With reference to its previous comments on the effective and dissuasive nature of measures to be taken to ensure adequate protection against acts of anti-union discrimination both at the time of taking up employment and in the course of employment, and against acts of interference by employers in workers' trade union activities, the Committee observes that the Government has indicated that the present fixed-amount fines (section 35 of the Act of 23 May 1991, which established a maximum fine of 50,000 zlotys) still remained in force. The Committee recalls that to ensure the practical application of Articles 1 and 2 of the Convention, national legislation must establish sufficiently dissuasive sanctions against acts of anti-union discrimination and acts of interference by employers in workers' trade union activities. In these circumstances, the Committee requests the Government to take measures in the near future to bring its legislation into conformity with the requirements of the Convention.
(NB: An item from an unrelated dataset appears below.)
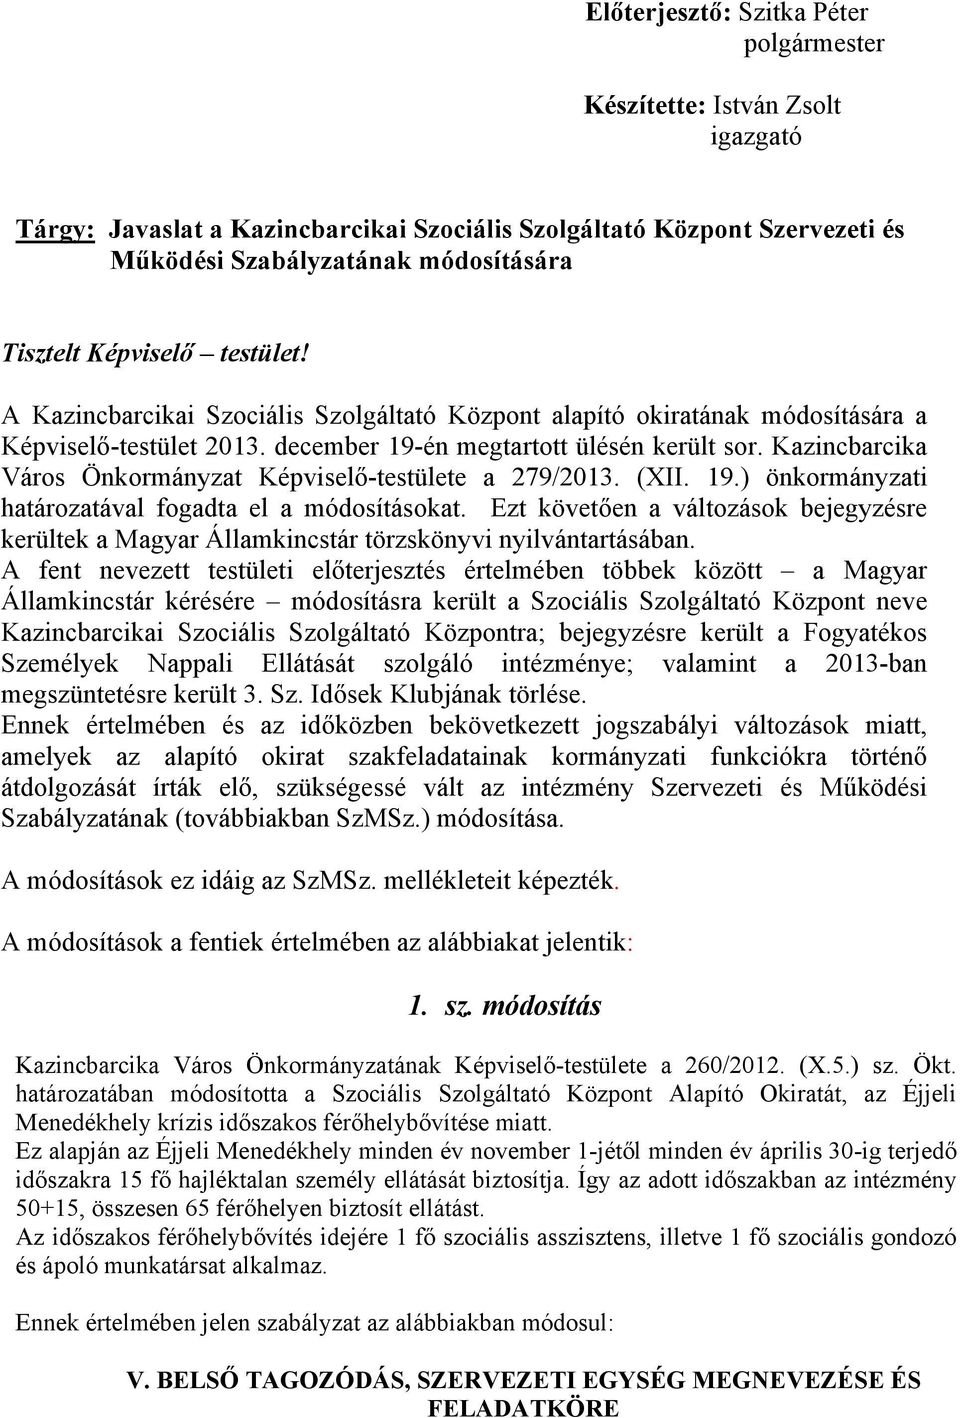 Kazincbarcika Város Önkormányzat Képviselő-testülete a 279/2013. (XII. 19.) önkormányzati határozatával fogadta el a módosításokat.

Concerning its previous comments on the refusal to approve collective agreements (section 241 of Chapter XI of the Labour Code), the Committee takes due note that the Government has indicated in its report that some refusals took place by reasons of procedural infringements but not for restrictive reasons.

With regard to the Committee's previous comments concerning section 241 of the Labour Code providing that an enterprise collective agreement may be concluded for workers, with the exception of workers employed in the state budgetary sphere, the Government has indicated that in the light of section 241 of the Labour Code, an establishment collective agreement could not be concluded by employees of the budgetary sphere, who were employees of units for which resources available for wages were being determined on the basis of the Act of 23 December 1994 which controls the allocation of resources for wages in the state budgetary sphere. Moreover, the Government states that on the basis of this Act, the resources for wages not only of civil servants but also for other employees' groups (for example, medical practitioners employed in state public health protection institutions) were determined. Employers were, therefore, deprived in these spheres, of the right to determine the amount of financial resources, including means for wages. However, the Government indicates that the Labour Code provisions allow the employees of the state budgetary sphere to conclude supra-establishment collective agreements (section 241). The Committee takes note of the Government's information and requests it to provide detailed information concerning the scope, content and implementation of supra-establishment collective agreements concluded during the period covered by the report.